En una temporada en la que los blockbusters veraniegos parecen haberse puesto las pilas ofreciendo títulos tan notables como Star Trek: en la oscuridad, Iron Man 3, Pacific Rim o, por qué no decirlo, El llanero solitario, la efectividad de Asalto al poder como pasatiempo se me antoja considerablemente insuficiente.
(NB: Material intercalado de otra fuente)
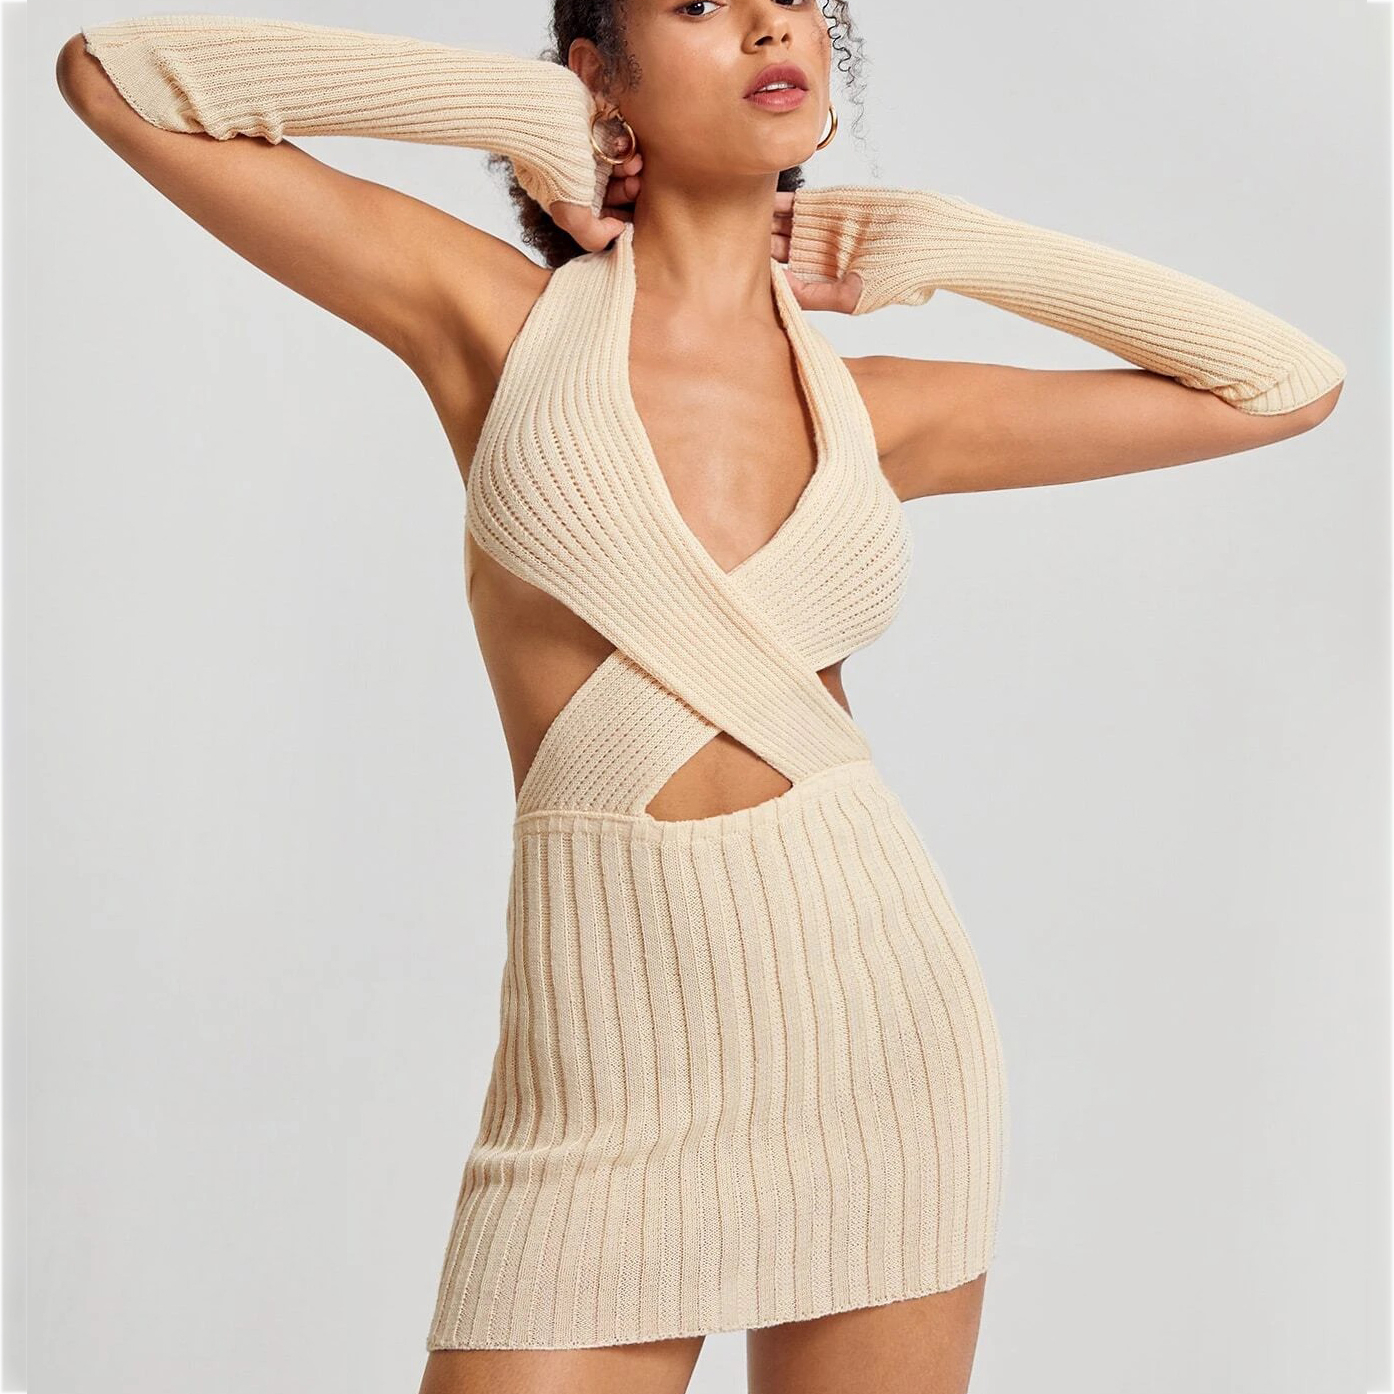 Crisscross Halter Neck Backless Ribbed Knit Bodycon Sweater Dress With Arm Sleeves - S

Incluso el denostado Michael Bay nos ha ofrecido este año una de sus mejores películas con Dolor y dinero, explorando facetas satíricas hasta entonces inéditas en su filmografía, algo de lo que Roland Emmerich debería tomar nota y entender que el público ya está vacunado contra el impacto visual de sus explosiones digitales y espera que se le ofrezca emociones nuevas. Para colmo, pese a abundar en secuencias de acción muy bien elaboradas y en continuos golpes de buen humor –ese presidente en zapatillas deportivas tiene su miga–, la cinta acaba resintiéndose de su excesiva duración (131 minutos), por lo que a mitad de la función ya empezamos a mirar el reloj, algo que es lo peor que le puede suceder a una obra que busca descaradamente la diversión desacomplejada y carente de neuronas. Ni siquiera la presencia de dos grandes actores como James Woods y Richard Jenkins (por aquello de darle cierto toque de calidad al proyecto) o de una actriz tan solvente como Maggie Gyllenhaal –que sirve lo mismo para un roto que para un descosido– son capaces de elevar el interés más allá de los habituales fuegos de artificio y el buen hacer del tándem Tatum-Fox. Roland Emmerich hizo Stargate (1994) y El patriota (2000), por lo que aún se puede albergar esperanzas de que en el futuro pueda volver a sorprendernos positivamente con un entretenimiento de más enjundia que este. ★★★★★
José Antonio Martín.
crítico de cine.
Estados Unidos. 2013. Título original: White House Down. Director: Roland Emmerich. Guión: James Vanderbilt. Productora: Iron Horse Entertainment/ Mythology Entertainment. Presupuesto: 150.000.000 dólares. Fotografía: Anna Foerster. Música: Harald Kloser, Thomas Wanker. Montaje: Adam Wolfe. Intérpretes: Channing Tatum, Jamie Foxx, Maggie Gyllenhaal, James Woods, Richad Jenkins, Jason Clarke, Joey King, Nicolas Wright, Michael Murphy, Jake Weber, Lance Reddick, Jimmi Simpson.